Keats was the son of a livery stable keeper. Keats was the first of four children; John, Fanny, George and Tom. The first seven years of his childhood were happy; however, in 1803 they turned for the worst. His father died of a skull fracture after falling from his horse. Keats' mother married quickly, but soon left her new husband to move in with Keats' grandmother.

There, Keats begun his love for literature. But in 1810 his mother died from tuberculosis leaving him and his siblings with only their grandmother.

Keats' grandmother then appointed two guardians in effort to care for the children. The guardians removed Keats from his current school and placed him in another to become a surgeon's apprentice. For another four years this continued until 1814, after a fight with his guardians. He left the apprenticeship and would become a student at the local hospital. There he would devote more of his time to studying literature.

During this time, Keats was introduced to the works of Edmund Spenser. It was Spenser's The Faerie Queene which inspired Keats' to write his first poem, Imitation of Spenser. And in 1816 the poem was published by his friend Leigh Hunt.

In 1817 his first volume of poetry entitled Poems was published. The volume was not received well however, highly due to his friendship with Hunt.

During the summer of 1817, Keats moved to the Isle of Wight where he would soon find his brother Tom, who was suffering from tuberculosis.

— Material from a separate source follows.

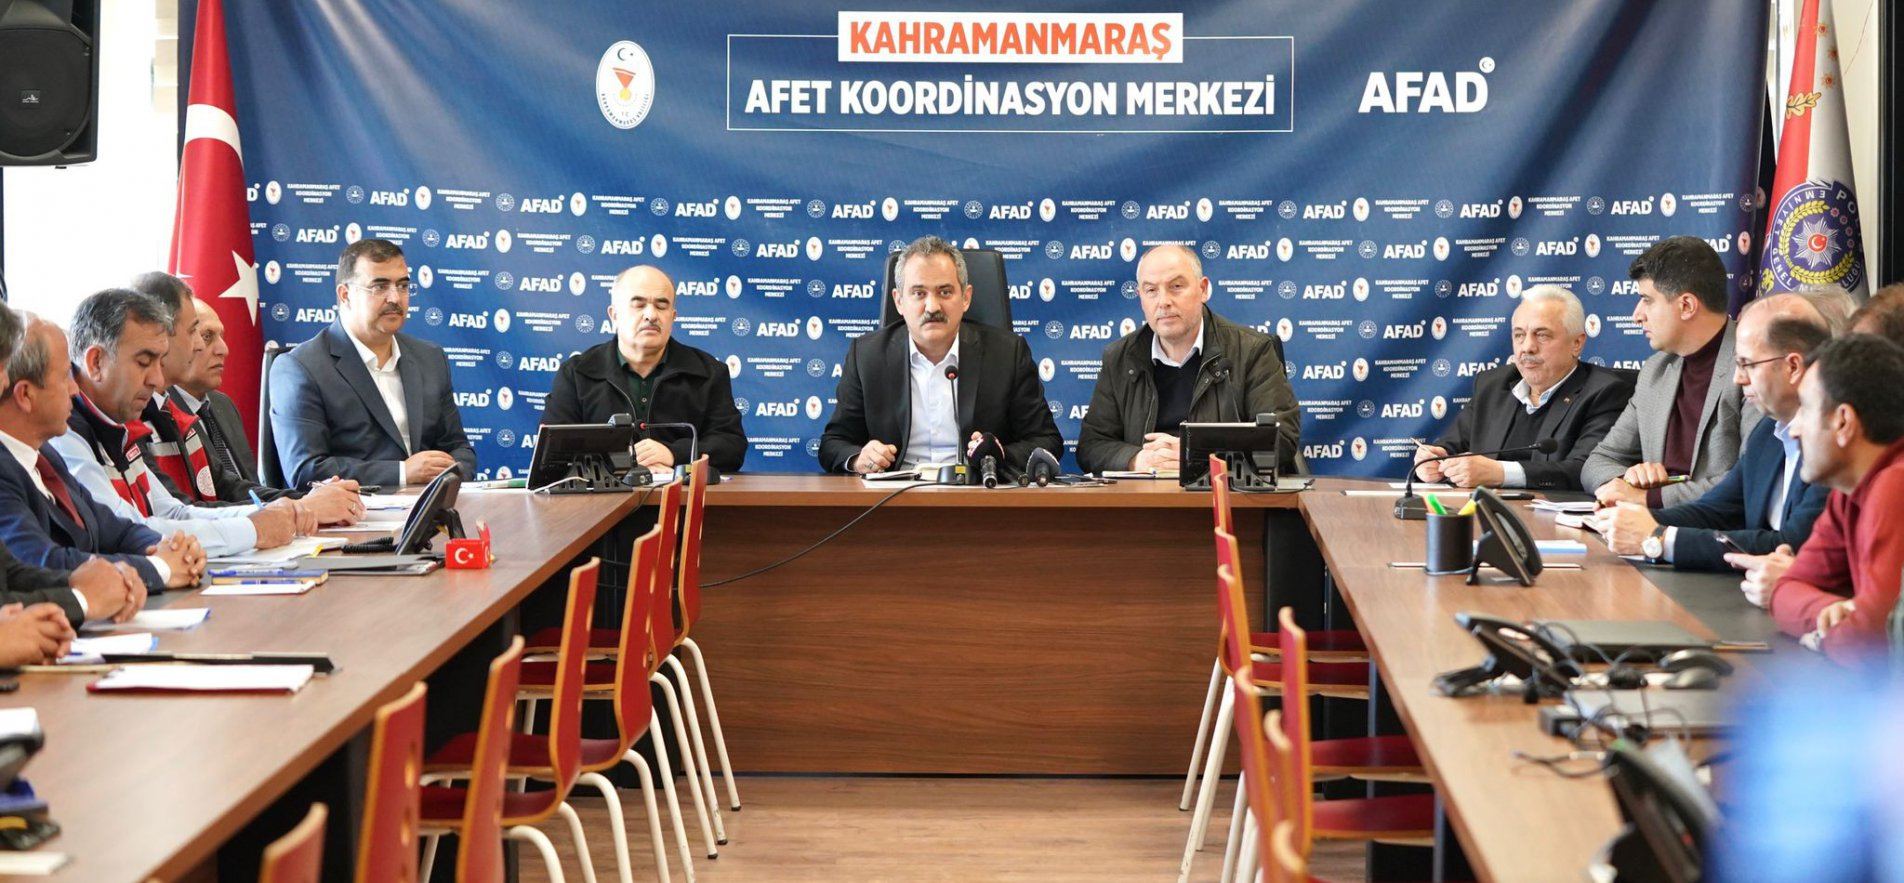 MINISTER ÖZER ATTENDS THE DISASTER COORDINATION MEETING IN KAHRAMANMARAŞ

After finishing his epic poem Endymion, Keats left to visit Scotland and Ireland with his friend Charles Brown. However, he quickly returned after showing signs of tuberculosis. When he returned, Endymion was receiving bad reviews and Tom's condition was deteriorating. The Blackwood's Magazine belittled Keats by saying he was part of Leigh Hunt's "Cockney school" of poetry.

In 1818, Tom Keats died. Because of this, John moved back to London to live in Brown's house. There he met Fanny Brawne, who was also living with her mother. They quickly fell in love.

The following spring and summer of 1819 produced some of Keats' finest poetry; Ode to Psyche, Ode on a Grecian Urn and Ode to a Nightingale.

Keats and Fanny's relationship was cut short. In 1820, John began showing worse signs of his disease. Due to suggestions from his doctors, Keats' left the cold climate of London and moved to Italy with his friend, artist Joseph Severn, shortly after publishing Lamia, Isabella, The Eve of St. Agnes, and Other Poems which later proved to be some of the most important work of the 19th century. For a year his symptoms seemed to better but they quickly deteriorated.

John Keats died in Rome on February 23, 1821. He is buried at the Protestant Cemetery, Rome with a tombstone reading "Here lies one whose name was writ in water."

Keats is said to be one of the three greatest romantic poets along with Shelley and Byron.